I leave you with this parting thought to ponder. G. K. Chesterton, the well-known twentieth century English writer and poet once remarked, “Hell is God’s great compliment to the reality of human freedom and the dignity of human personality. ‘Hell, a compliment you say?’ ‘Yes, it is as if God is saying to us, ‘You are significant. I take you seriously.
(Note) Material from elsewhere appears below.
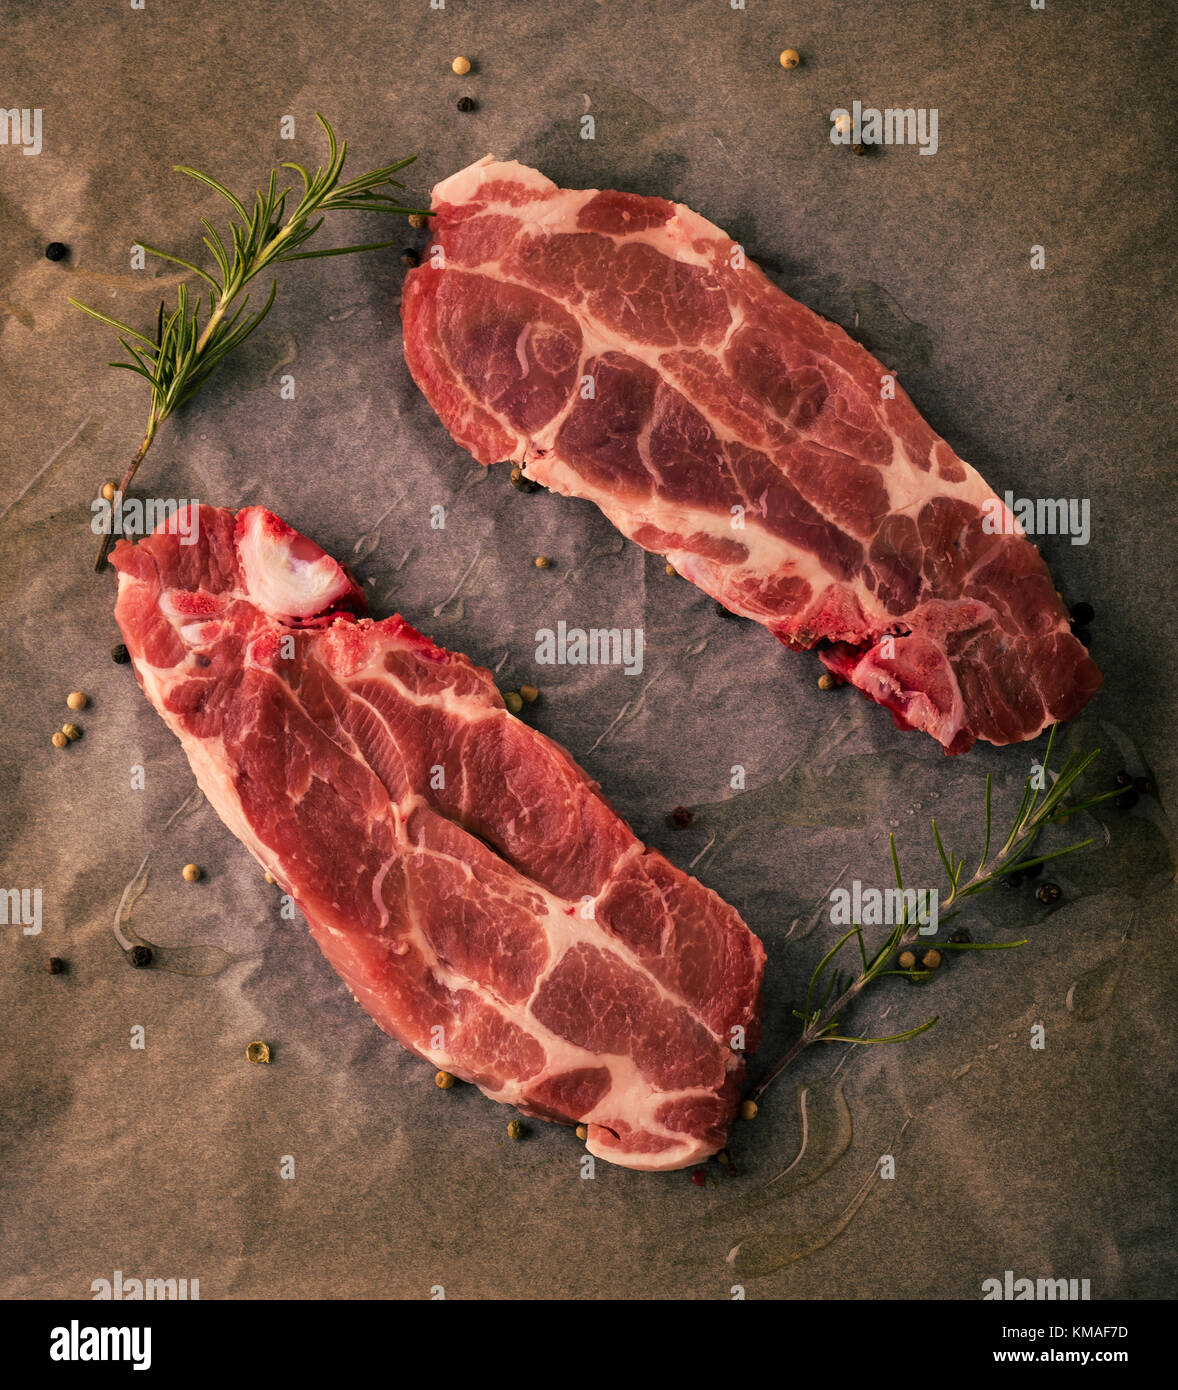 Photo verticale de deux tranches de steaks de cou de porc. Les portions de viande par la couleur rouge et la graisse est placée sur la plaque à pâtisserie de papier usé avec poivre, rosema Banque D'Images

Choose to reject Me – choose hell if you will, and to hell I will let you go.’ ”
When I pause to consider the fate of this rich man, I am reminded of these words by Jenny Sanford, the former wife of Governor Mark Sanford of South Carolina, who said: “You can choose your sin … but you cannot choose your consequences.”
But be mindful of this: “The Lord is not slow about His promise, as some
count slowness, but is patient toward you, not wishing for any to perish but for all to come to repentance” [2 Peter 3:9]. My friends, time is running out! For most of us here, today, there are more years behind us than in front of us. And so decide this day where you will place your trust. Will it be the god of this world, or the God of Abraham, Isaac and Jacob and in His only Begotten Son is the Lord, Jesus Christ the Righteous One!